Post by Paul Mesken »

These backgrounds look really great. You got a good feel for color, mood, composition and texture. I've looked at your other backgrounds on DeviantArt as well and they are great. You show that you're capable of using different styles and even use more abstract backgrounds. I think you really got something good going here.

But there's something wrong with every single one of them : perspective.

You give each object in your backgrounds their own set of vanishing points.

Take this one for example : http://parkerx87.deviantart.com/gallery/#/d2g3icb

There are 3 paths leading to the 3 doors. These paths are, of course, running parallel to each other.

Lines that are parallel in the real world should have the same vanishing point in the picture when drawn in perspective.

But you have given each path its own vanishing point.
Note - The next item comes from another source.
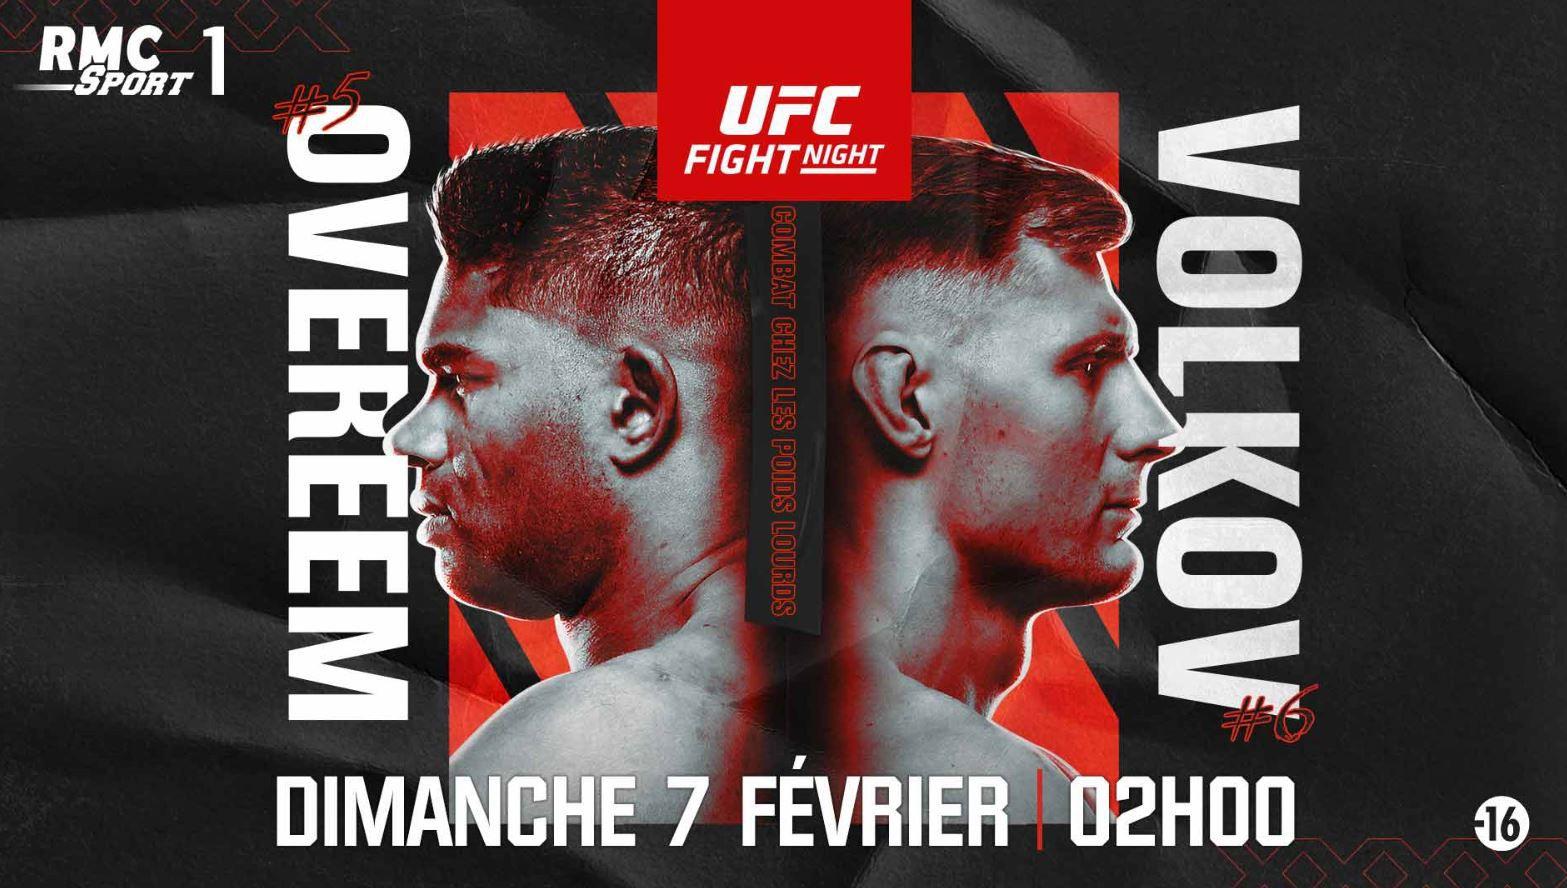 Alistair Overeem vs. Alexander Volkov (UFC Fight Night) dans la nuit de samedi à dimanche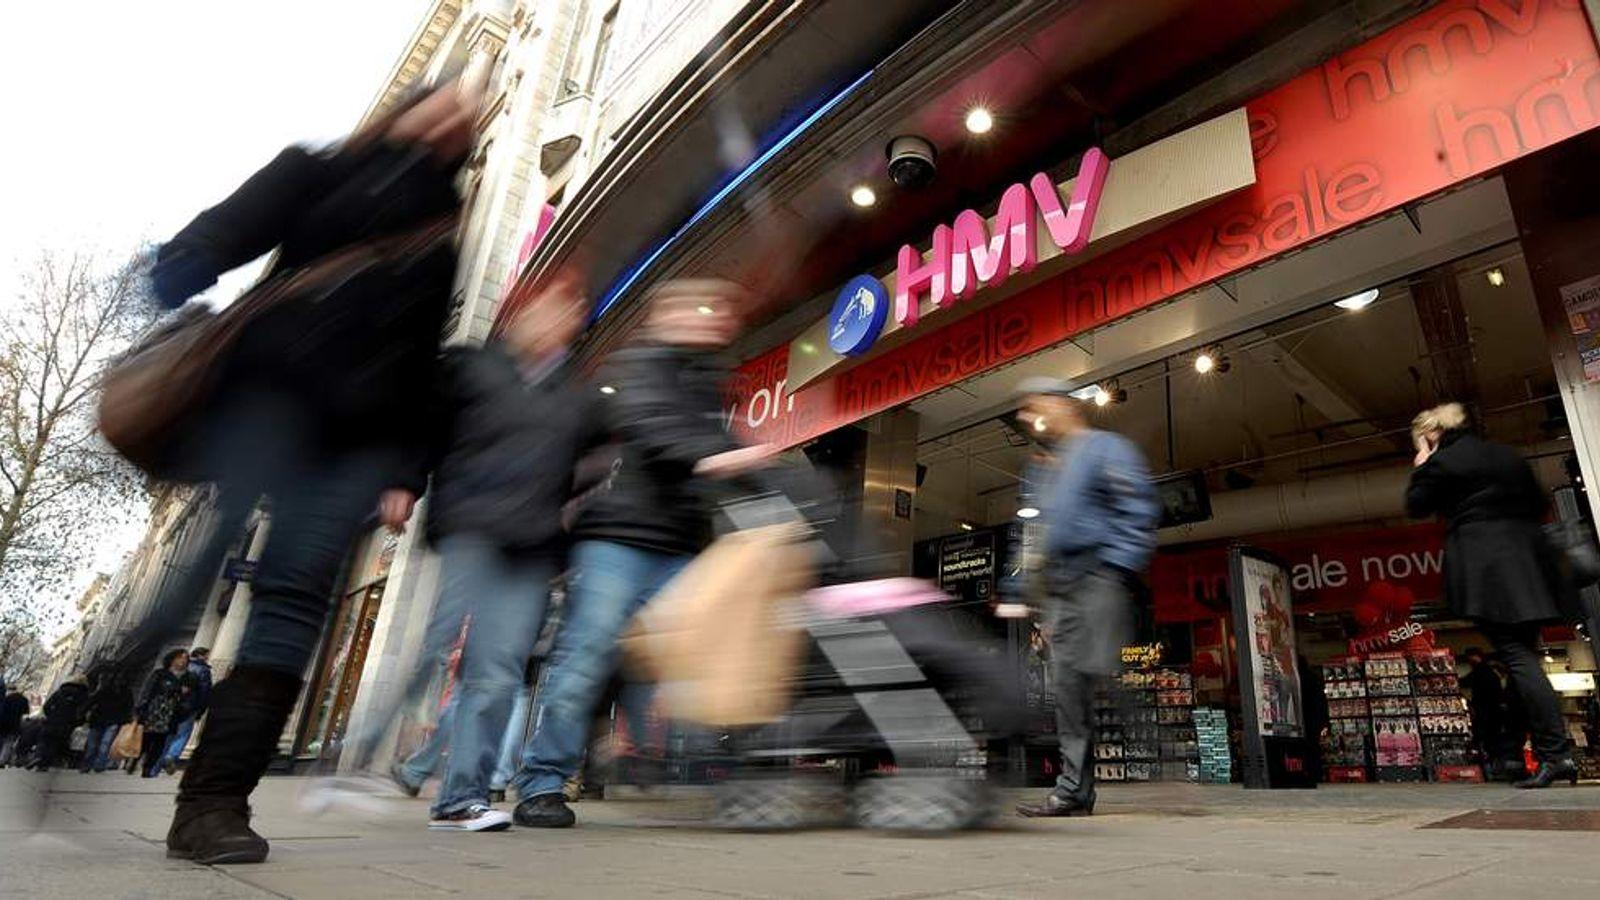 HMV store on Oxford Street

If you would make the lawn bigger then the lines would even cross! Which is impossible because in the real world they run parallel to each other. They would never cross.

This is how they should run (I've chosen the vanishing point of the path in the middle) :

Image

Note how the lines all go through that same vanishing point in the middle. I've chosen this background because it's shows most clearly where you go wrong with perspective. But it goes for all of your backgrounds that use perspective. In some backgrounds it doesn't matter that much, in some it is hardly noticeable and in others it is blatanly obvious.

Your backgrounds look very beautifull, they deserve proper perspective.

There are tons of webpages out there that teach perspective. The "parallel lines in the real world have the same vanishing point in the picture" is just one of several rules for perspective. There are several types of perspective (1, 2, 3 point, spherical, etc.). And it takes a bit of practice to use these rules properly (drawing circles in perspective, drawing a winding road over hills, etc) and to know when to bend the rules a little bit (the infamous "telegraph pole in the middle" is a good example of when the rules should be bend).

It's imperative to have proper perspective in backgrounds. A picture with flimsy perspective might still look beautifull but as soon as any animation takes place in it then the animator will be in deep troubles because a character walking through a background with faulty perspective will seem to float half the time.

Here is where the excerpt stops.